Decúbito supino en trendelemburg: paciente hipotenso o en estado de shock.
– Decúbito supino en anti-trendelemburg (fowler): sospecha de hipertensión intracraneal. Decúbito lateral izquierdo: embarazadas, sobre todo a partir del tercer trimestre.
– Posición gen pectoral: presencia de prolapso de cordón umbilical.
– Posición lateral de seguridad: paciente inconsciente.
Cuidado del paciente durante el desplazamiento: al menos un auxiliador debe acompañar al paciente durante todo el tiempo del transporte, con el fin de que pueda asumir las acciones necesarias para prestarle una asistencia adecuada. Estas pueden incluir: notificar al conductor el momento en que puede iniciar el recorrido, continuar prestando la asistencia al paciente, recopilar información adicional para la historia clínica pre hospitalaria, llevar un monitoreo de los signos vitales, transmitir los datos sobre evolución del paciente, revisar el estado de vendajes e inmovilizadores, controlar secreciones y sangrados, avisarle al conductor cualquier cambio que se presente, iniciar maniobras de reanimación en caso necesario y en especial hablar con el paciente y brindarle el apoyo psicológico durante todo el recorrido.

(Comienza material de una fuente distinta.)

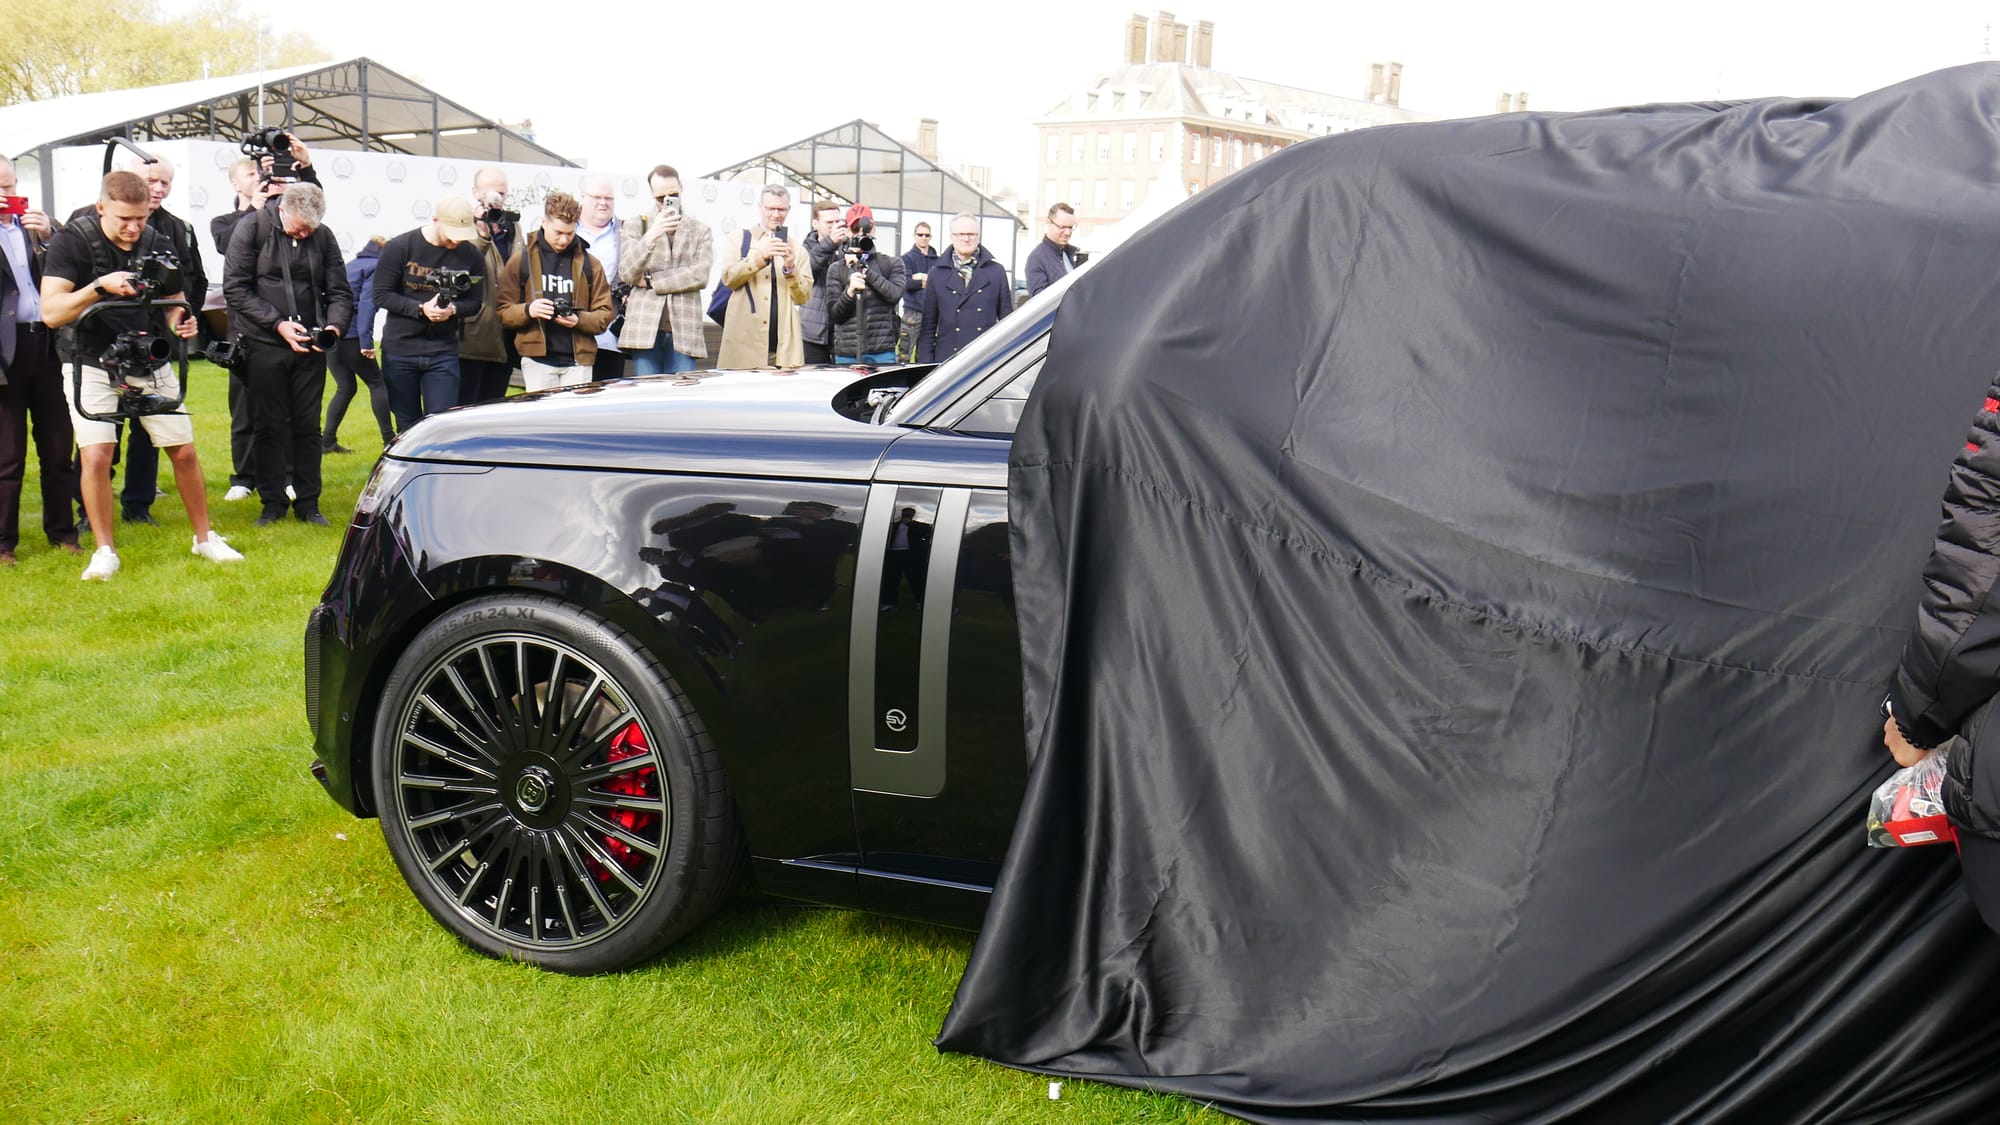 "The Ultimate Luxury Car Showcase: Highlights from the Third Salon Privé London Event"

Transferencia del paciente a la sala de urgencias: una vez se ha tenido acceso al servicio de urgencias debidamente confirmado con anterioridad por la central de despacho, de manera que no se genere retraso en la entrega del paciente al personal médico de turno, se debe procurar transferirlo a la camilla apropiada según la disponibilidad del servicio. En ocasiones, se debe dejar con el paciente algunos insumos y equipos utilizados para su inmovilización y embalaje, para evitar manipulación innecesaria que pueda conducir a un deterioro de su estado de salud. Es preferible solicitar al servicio de urgencias que guarden estos implementos o que los repongan por otros que estén disponibles, como es el caso de collarines cervicales, fraccionadoras, inmovilizadores y combi tubos, entre otros.

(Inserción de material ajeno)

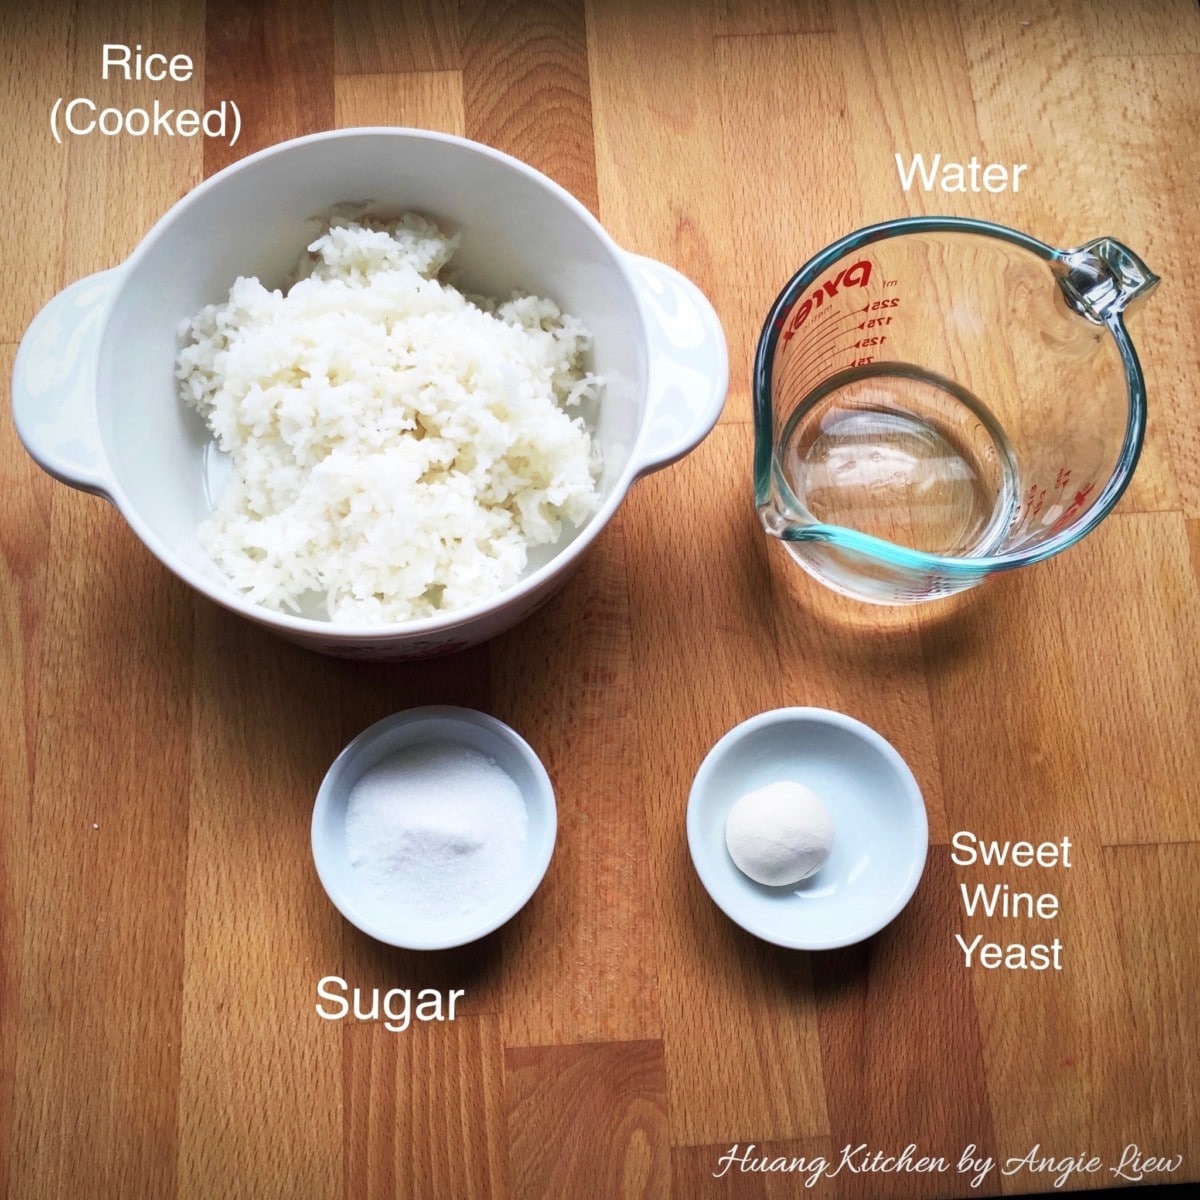 Ingredients to ferment rice.

Entrega del paciente: nunca se debe dejar abandonado un paciente en el servicio de urgencias sin una entrega formal del mismo; esto con el fin de asegurar la transferencia de la responsabilidad civil que conlleva este acto. Solicitar siempre que sea el médico de turno quien reciba el paciente y no el personal auxiliar, entregándose le la respectiva nota de remisión o de atención pre  hospitalaria.
Finalización del Servicio: Una vez finalizado el servicio se debe revisar toda la documentación y el reporte de cada caso. Se debe preparar el vehículo, la tripulación y su dotación para una nueva llamada de auxilio.
Guía de Manejo del Paciente: En el manejo del paciente se deben seguir algunos parámetros con el fin de mantener sus funciones vitales estables; estos son:
Valoración general: conocer el estado del paciente, la patología que presenta y el soporte asistencial que necesita, con el objeto de planificar el traslado y prever las necesidades de monitoreo e intervención durante el trayecto.
Control de la vía aérea y soporte ventilatorio: evaluar los parámetros de ventilación; si el paciente necesita intubación comprobar fijación del tubo endotraqueal y necesidad del aspirador (Flujo grama 1).
Soporte circulatorio: llevar un control de las hemorragias y prestar atención al shock, revisar vías canalizadas, clases de catéteres así como tipo de fluido terapia (Flujo grama 2)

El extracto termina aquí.